For example, the problem FIND-SUBSET-SUM is in NP-equivalent. Given a set of integers, FIND-SUBSET-SUM is the problem of finding some nonempty subset of the integers that adds up to zero (or returning the empty set if there is no such subset). This optimization problem is similar to the decision problem SUBSET-SUM. Given a set of integers, SUBSET-SUM is the problem of finding whether there exists a subset summing to zero. SUBSET-SUM is NP-complete.

To show that FIND-SUBSET-SUM is NP-equivalent, we must show that it is both NP-hard and NP-easy.

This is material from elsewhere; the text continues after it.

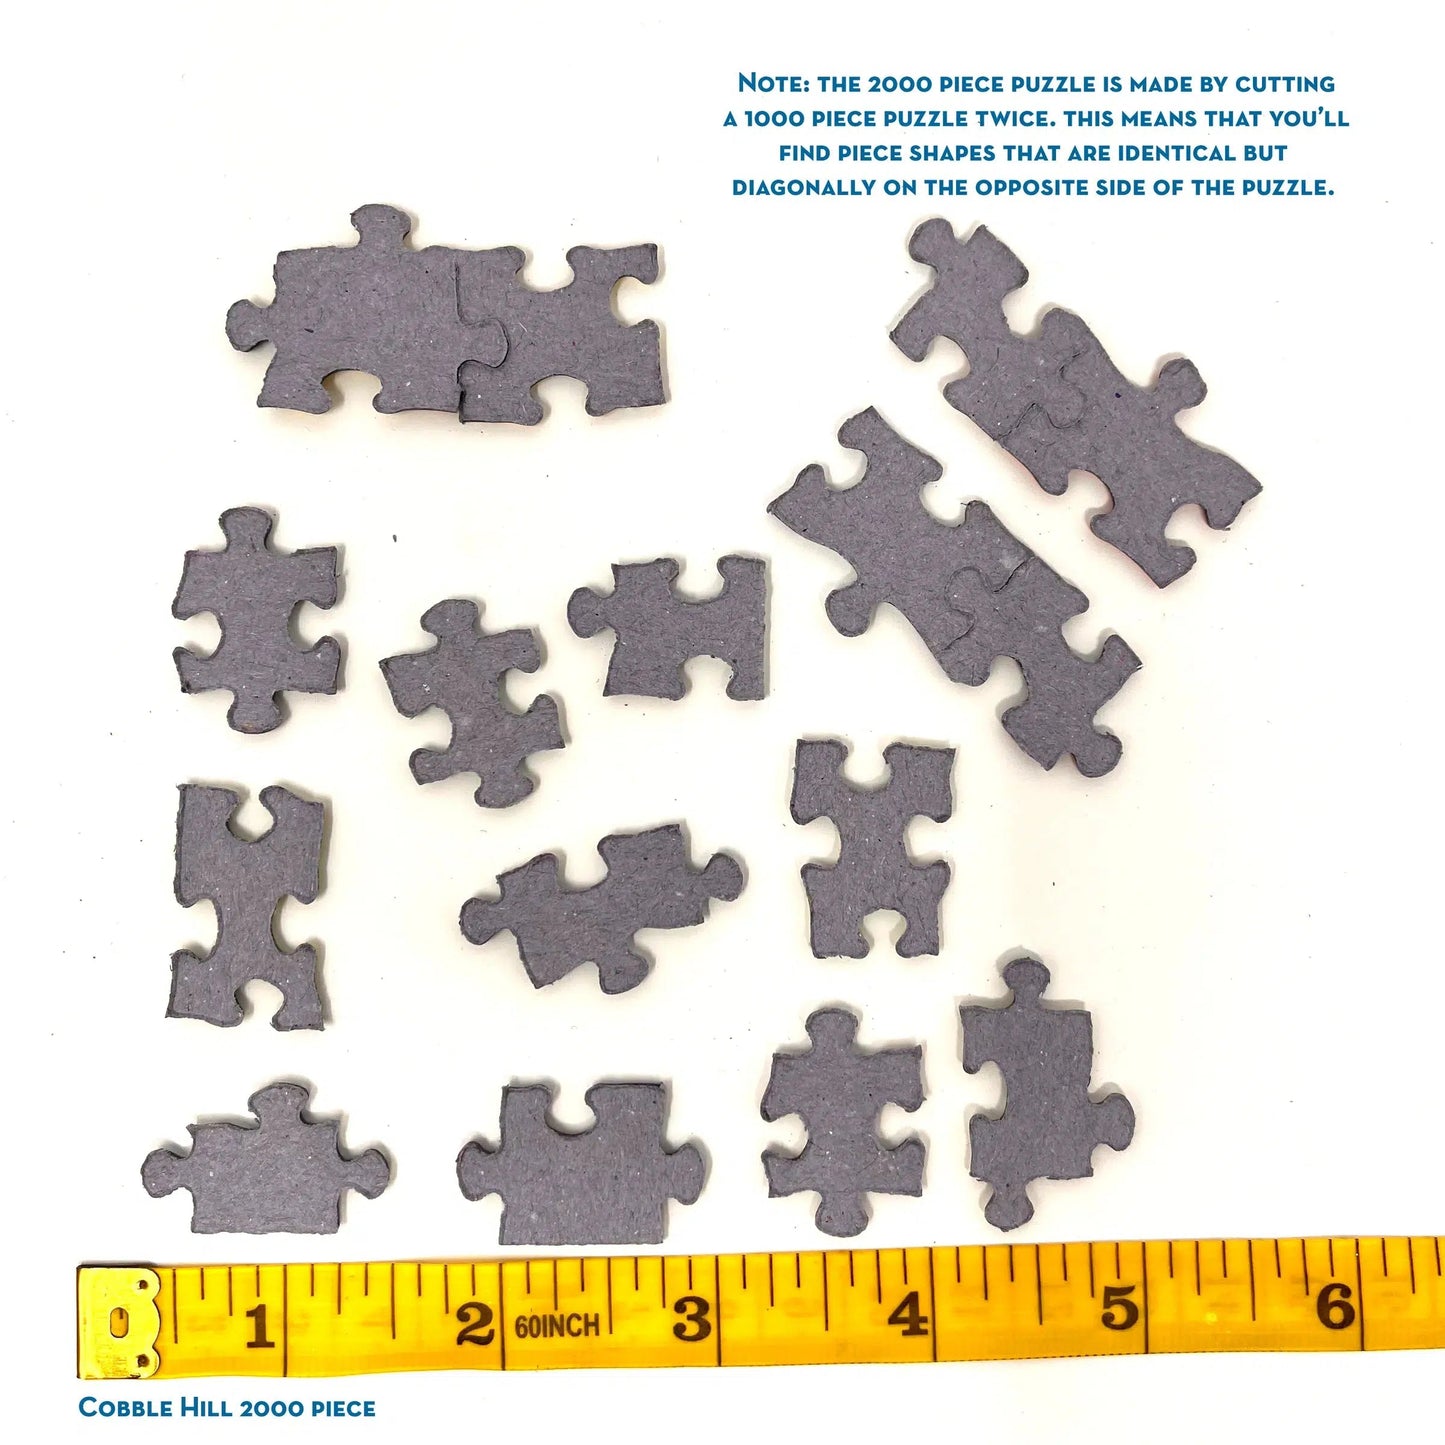 Four Square Quilt Blocks 2000 Piece Jigsaw Puzzle Cobble Hill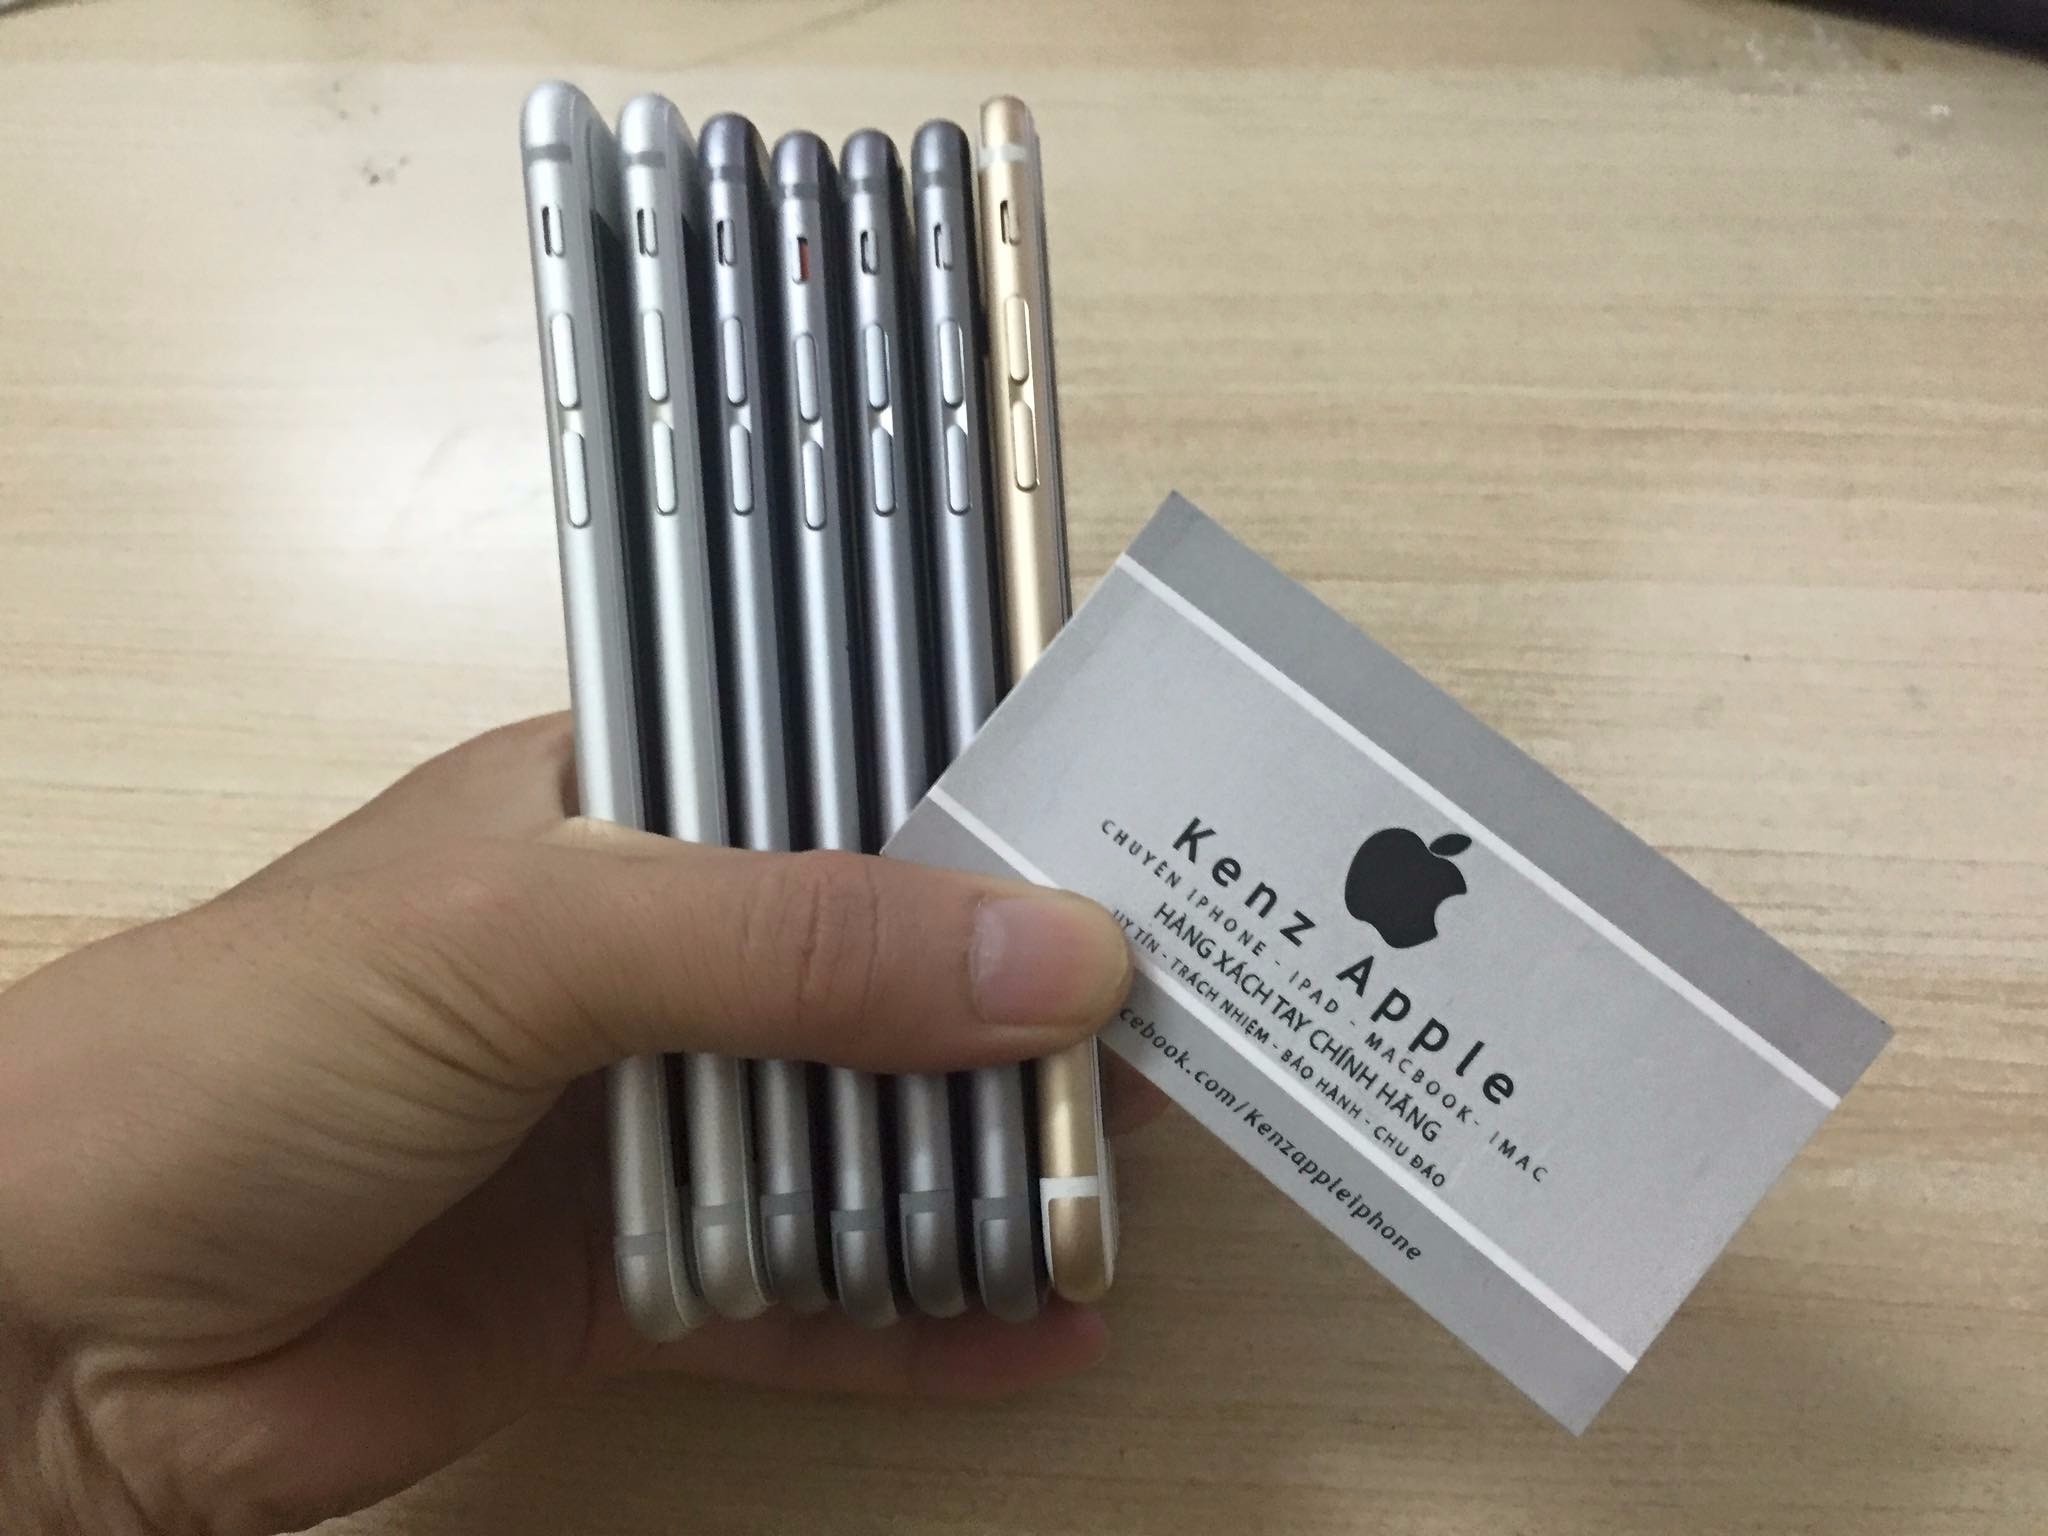 Iphone 6/6 Plus 16/64/128Gb đủ màu giá tốt nhất tại Sài Gòn-->0905665056 - 13

Clearly it is NP-hard. If we had a black box that solved FIND-SUBSET-SUM in unit time, then it would be easy to solve SUBSET-SUM. Simply ask the black box to find the subset that sums to zero, then check whether it returned a nonempty set.

It is also NP-easy. If we had a black box that solved SUBSET-SUM in unit time, then we could use it to solve FIND-SUBSET-SUM. If it returns false, we immediately return the empty set. Otherwise, we visit each element in order and remove it provided that SUBSET-SUM would still return true after we remove it. Once we've visited every element, we will no longer be able to remove any element without changing the answer from true to false; at this point the remaining subset of the original elements must sum to zero. This requires us to note that later removals of elements do not alter the fact that removal of an earlier element changed the answer from true to false. In pseudocode:

function FIND-SUBSET-SUM(set S)
    if not(SUBSET-SUM(S))
        return {}
    for each x in S
        if SUBSET-SUM(S - {x})
            S := S - {x}
    return S

Another well-known NP-equivalent problem is the traveling salesman problem.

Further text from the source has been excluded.